Problem description = Return the listing below unchanged, but without pictures.

Dataset extract =
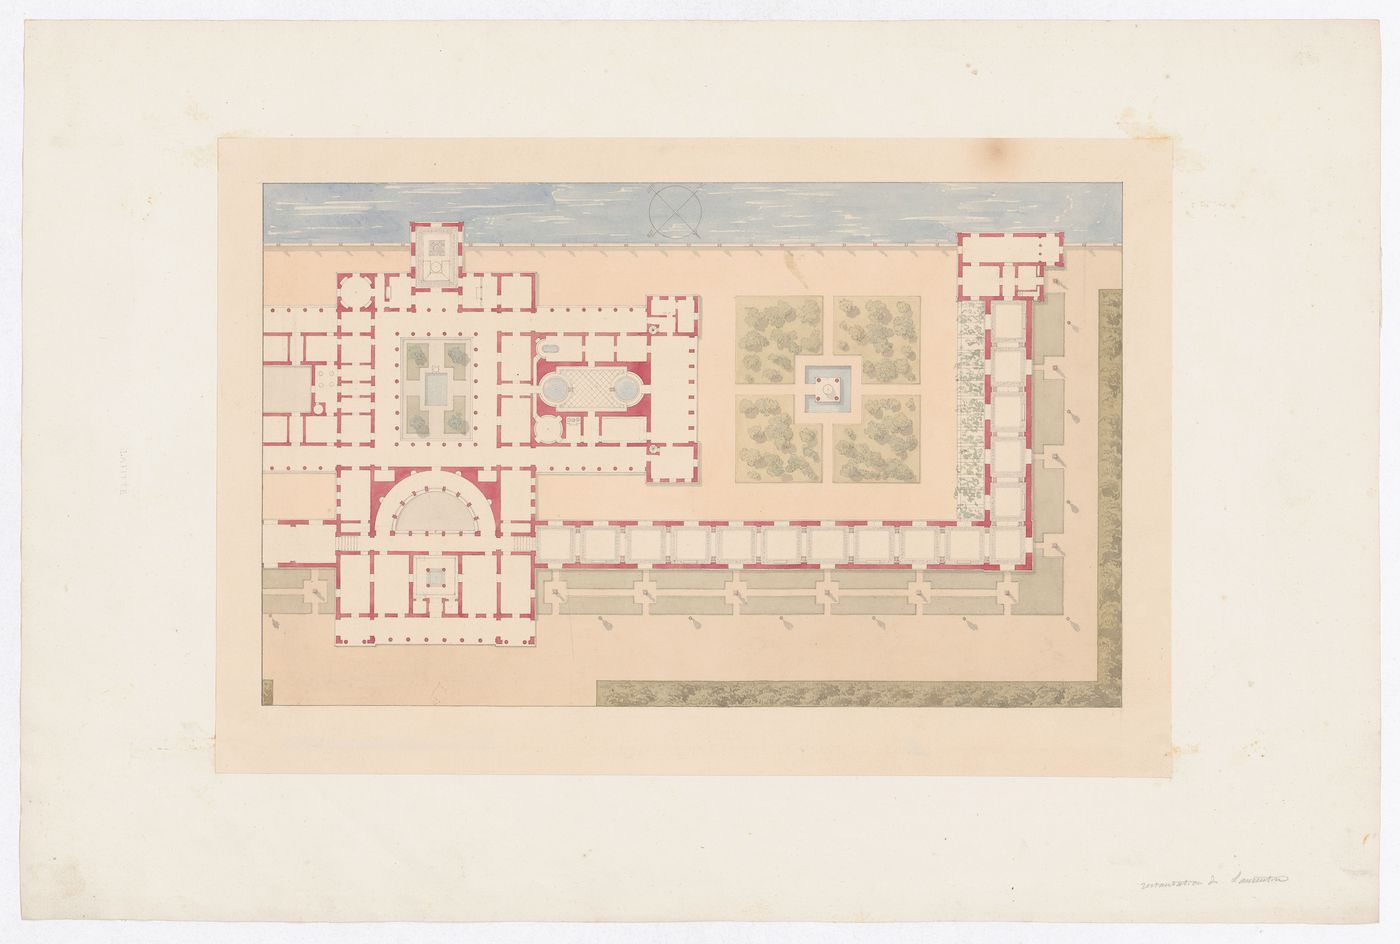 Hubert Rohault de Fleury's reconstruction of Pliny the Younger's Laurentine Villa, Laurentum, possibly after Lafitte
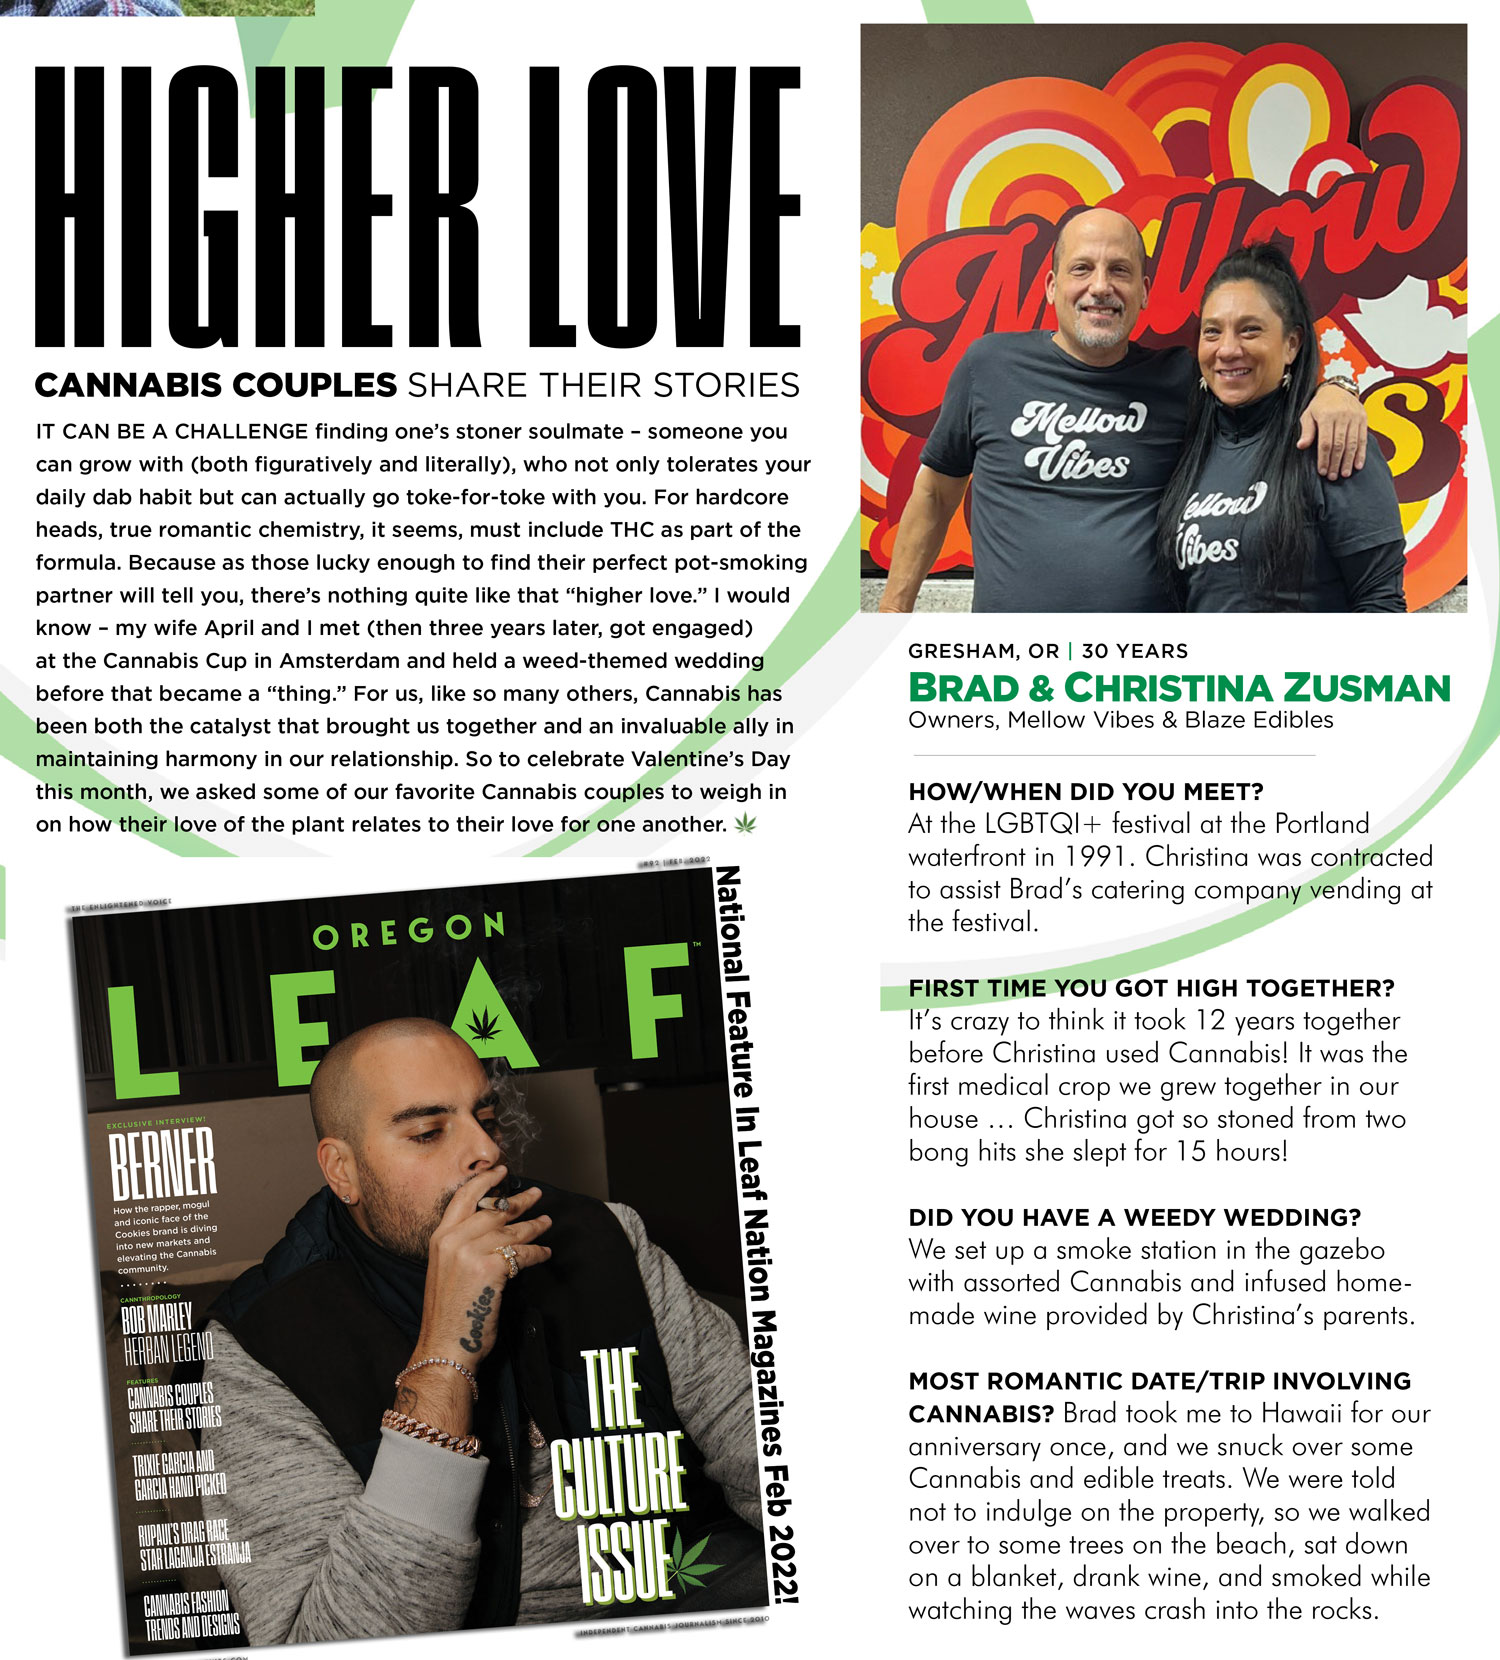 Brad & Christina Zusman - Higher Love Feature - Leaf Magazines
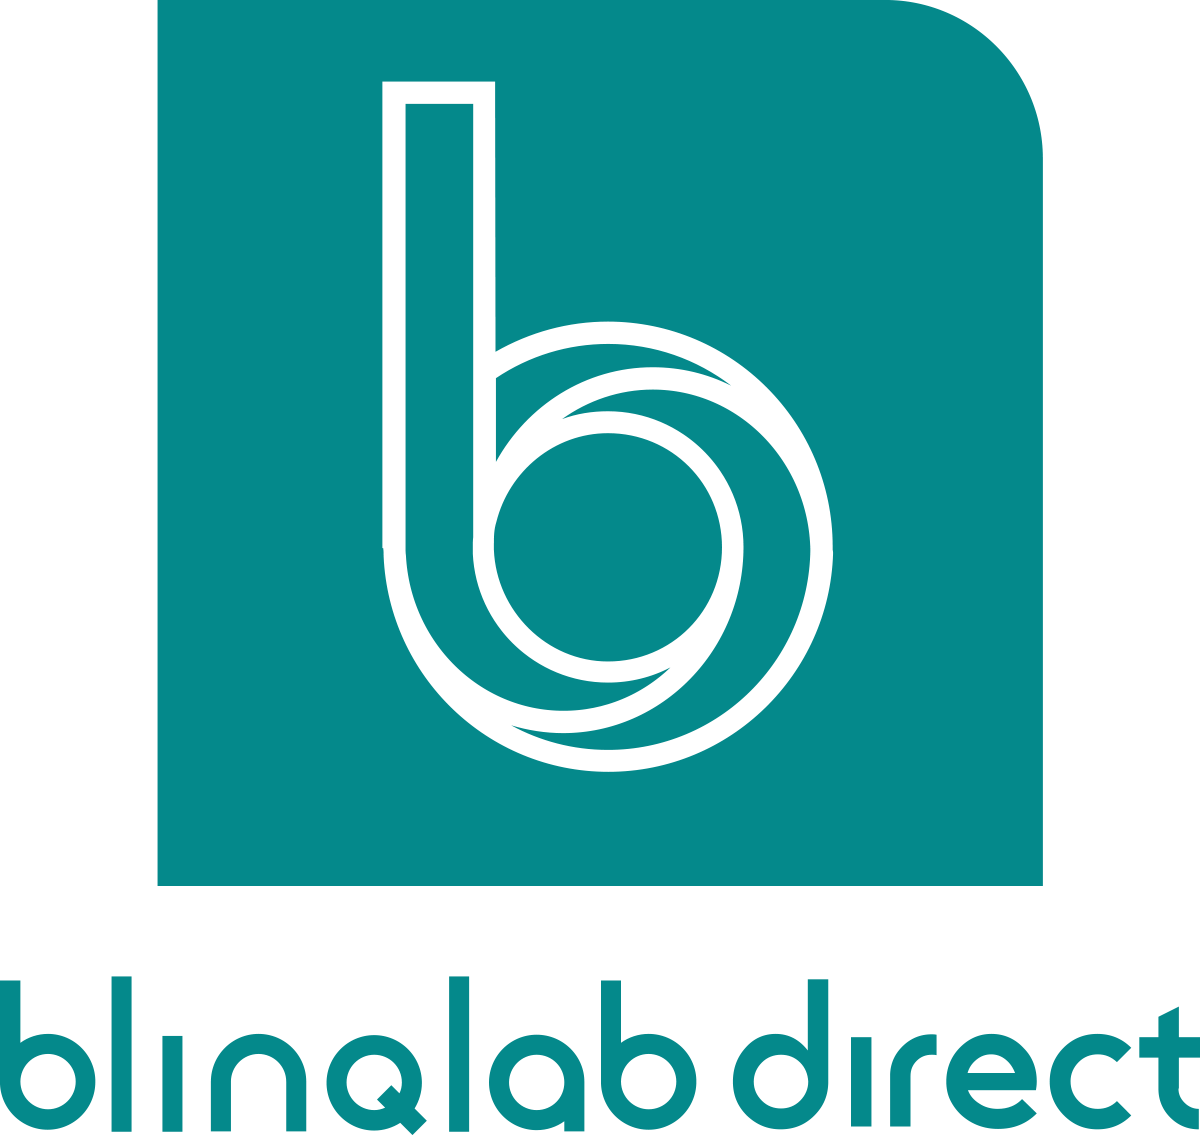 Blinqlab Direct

Answer =
 Hubert Rohault de Fleury's reconstruction of Pliny the Younger's Laurentine Villa, Laurentum, possibly after Lafitte
 Brad & Christina Zusman - Higher Love Feature - Leaf Magazines
 Blinqlab Direct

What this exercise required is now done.